We can all do something to make our world

Don Davis PhD, MBA: a little better. Absolutely. And, um, what excites you,

Ron Kaufman: um, to be as healthy as I am, where I am at this moment in time? So the degree of activity that is queued up for 2022 and the quality of it, as I said earlier, a lot of it is now happening in the healthcare space.

And for those of you who are listening, who, you know, life sciences podcast, you, you, you, you [00:38:00] know what it feels like to be working in an area where, what you do actually contributes to other people's vitality, their vibrancy, their health and wellbeing. And that's a extraordinarily good feeling after spending 30 years all over the world.

And I've been working with every possible India. So to be focusing more in this area of life science, if you will, or population health or medical care or however you want to refer to it, it's, it's very fulfilling.
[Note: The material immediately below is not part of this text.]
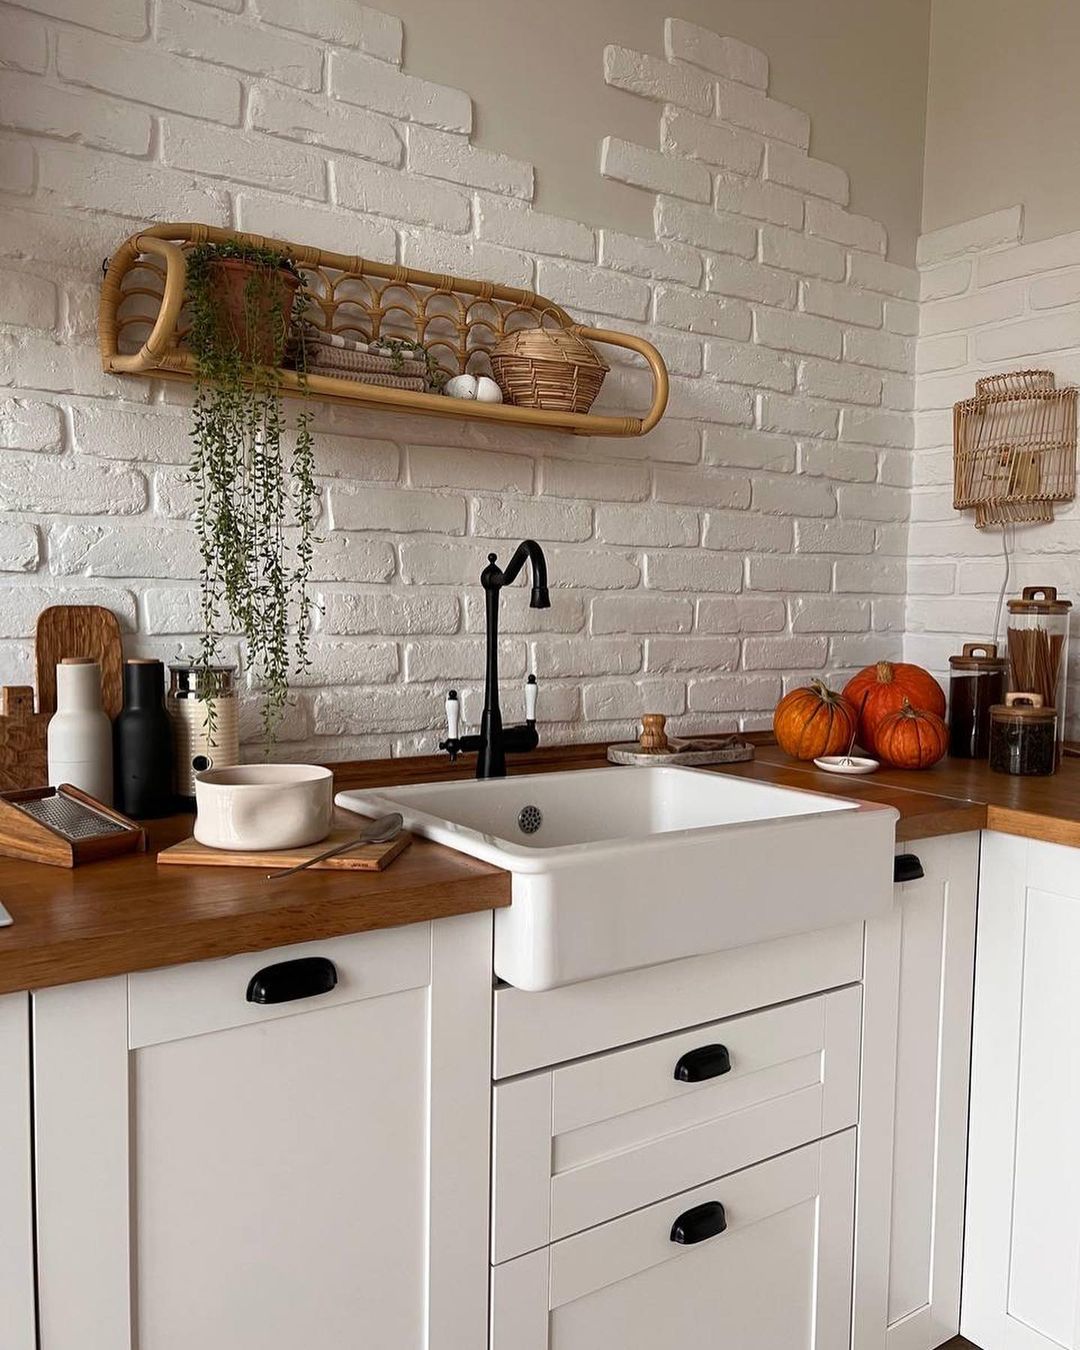 Rustic Appeal with Textured Brick Tiles

Don Davis PhD, MBA: Excellent. And what's next for you? So, uh, I mean, are we going to see more books? Are I, you know, where do people get in touch with you?

Those sorts of things? I think we should also cover.

Ron Kaufman: So, so Ron Kaufman, K a U F M a n.com is the website or, or search online because there's lots on the blog, but there's also a lot on YouTube and the very active LinkedIn channel with lots of social activity going on there. Um, as far as you know, what's next.

When I encountered this world [00:39:00] called customer service 30 years ago, it wasn't very well developed and the world evolve. It was really the era of customer satisfaction. In fact, even before that it was just service recovery, like customer service is where you go when something breaks. Right. Then it became C-SAT.

Remember that. Sure then it became customer delight and then it became customer experience and then it became customer loyalty and then there's customer advocacy. And now I think we're really approaching customer care, but the word care I would propose is as poorly defined for the general population as the word service was.

And so when I wrote that sentence, service is taking action to create value for someone. Now when I would say, well, you know, deep service, real ser service is taking active degree value for someone you care about what we'll we'll we'll we'll we'll we'll that raises the question. What is care? And I'm working on that right now.

I coined the word cariology you'll be [00:40:00] seen. You'll be see, and it's so funny to ask people in the medical profession, doc, can I ask you a question? What's cariology. They look, I don't know. I've never heard it

Don Davis PhD, MBA: before. How can that be?

Ron Kaufman: I'm developing that right now.

Don Davis PhD, MBA: Well, Ron Kaufman, thank you so much for being a guest on the life science success podcast, and for kicking us off on tour in 2022, I greatly appreciate your time and, uh, thanks so much for being here

Ron Kaufman: privilege and a pleasure.

Thank you, Don. And to all your viewers and listeners. Thank you.